Herein lies my initial question: How do we achieve 14/16, what is the selection method used by the 4 hat wearing participants? Is that solvable?

I appreciate the responses araver; however this link does not provide the solution I am looking for:
http://brainden.com/forum/topic/13034
And the answer I believe is greater than the answer to 3 people. I believe it is not 50% based on the person who asked this question initially (who also knew the answer, but whom I can no longer locate).
SpoilerI am almost certain the answer is 7/8ths, but I am unsure how the selection process works (my confidence for the answer comes from the question giver acknowledging this as the right answer). The trick is I cannot explain how the selection process works for n = 4.

Can someone solve the following brainteaser with an explanation of how the people in the problem choose hat color:
There are 4 people wearing black or white hats. They do not know the color of their own hat. They cannot communicate. They must come up with a strategy for simultaneously shouting out a hat color or keeping their mouth shut. Your goal is to come up with the solution that yields the highest probability of getting at least one hat color correct and no hat colors incorrect. For example, if the hats are black black black white in that order, and you guess black, doesn't guess, doesn't guess, doesn't guess, then this would count as a successful attempt; however if you guessed black, black, black, black, this would be unsuccessful.

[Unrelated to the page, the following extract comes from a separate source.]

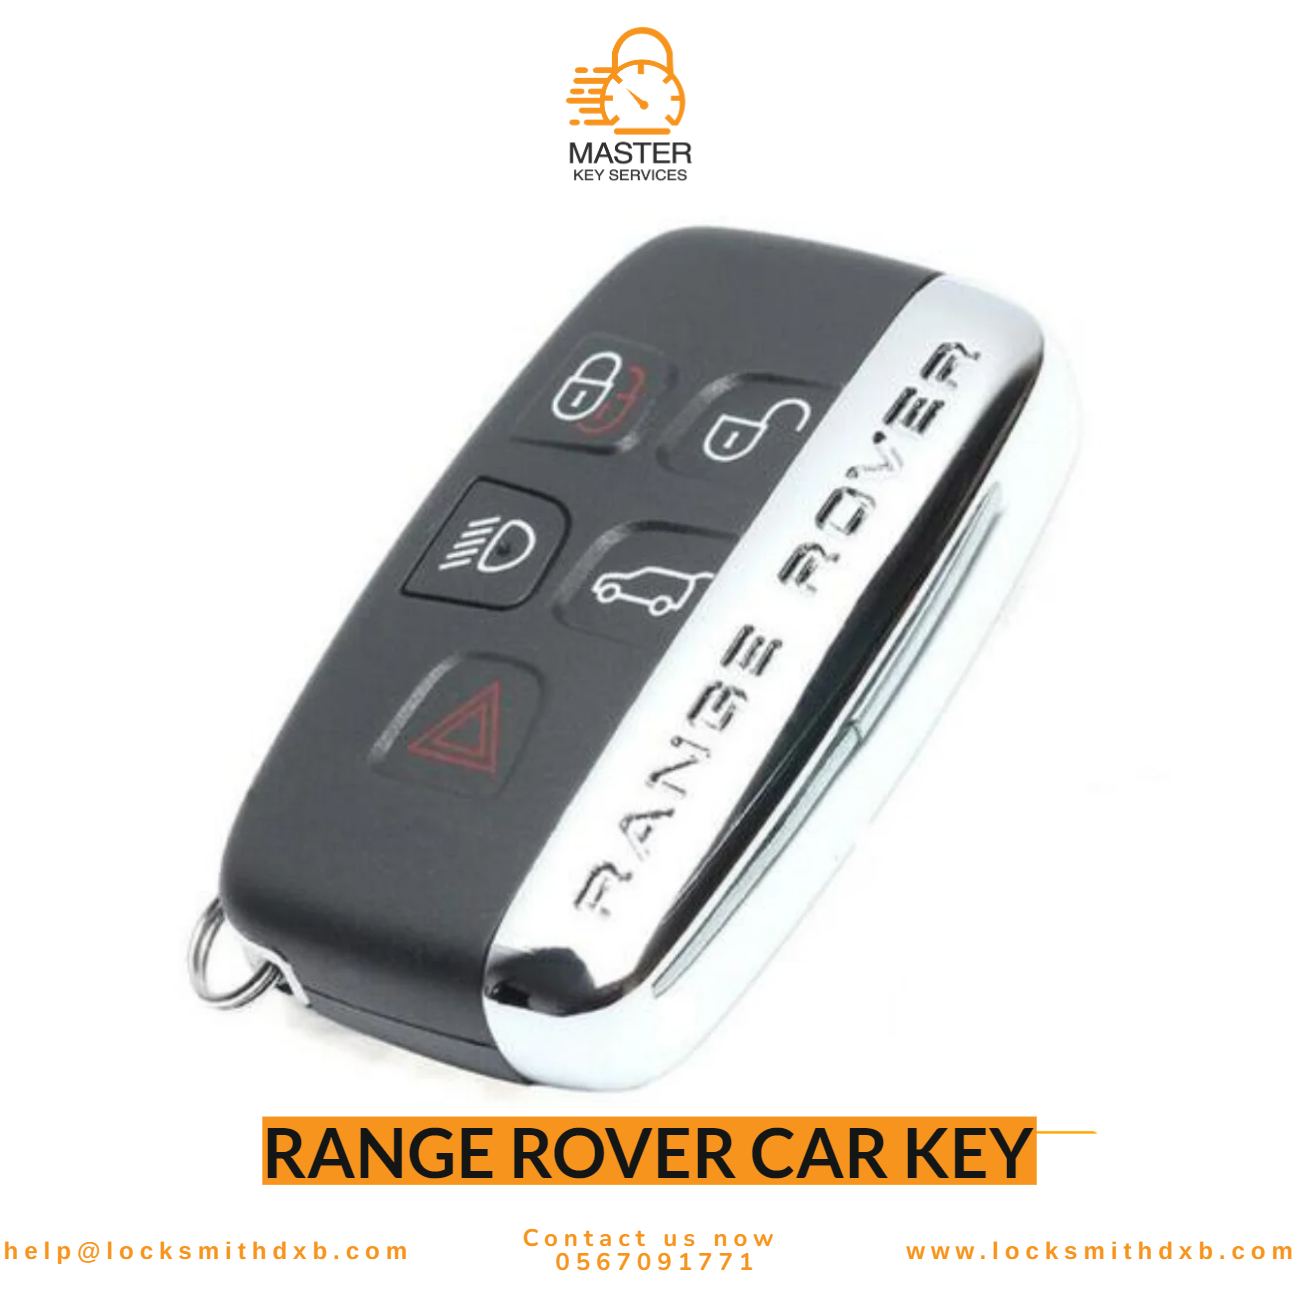 Range Rover car key

Semi spoiler belowthe solution for 3 people:
Using 0 as representation for white and 1 for black, you have the following table seating available. 000, 001, 010, 011, 100, 101, 110, 111
If every time you are at the table and you see two hats of the same color, you guess the opposite color, you will guess correctly in 6 out of 8 attempts, and if you do not see two hats of the same color, then you pass/ do not guess. This yields a 75% win rate for this game among the 3 participants.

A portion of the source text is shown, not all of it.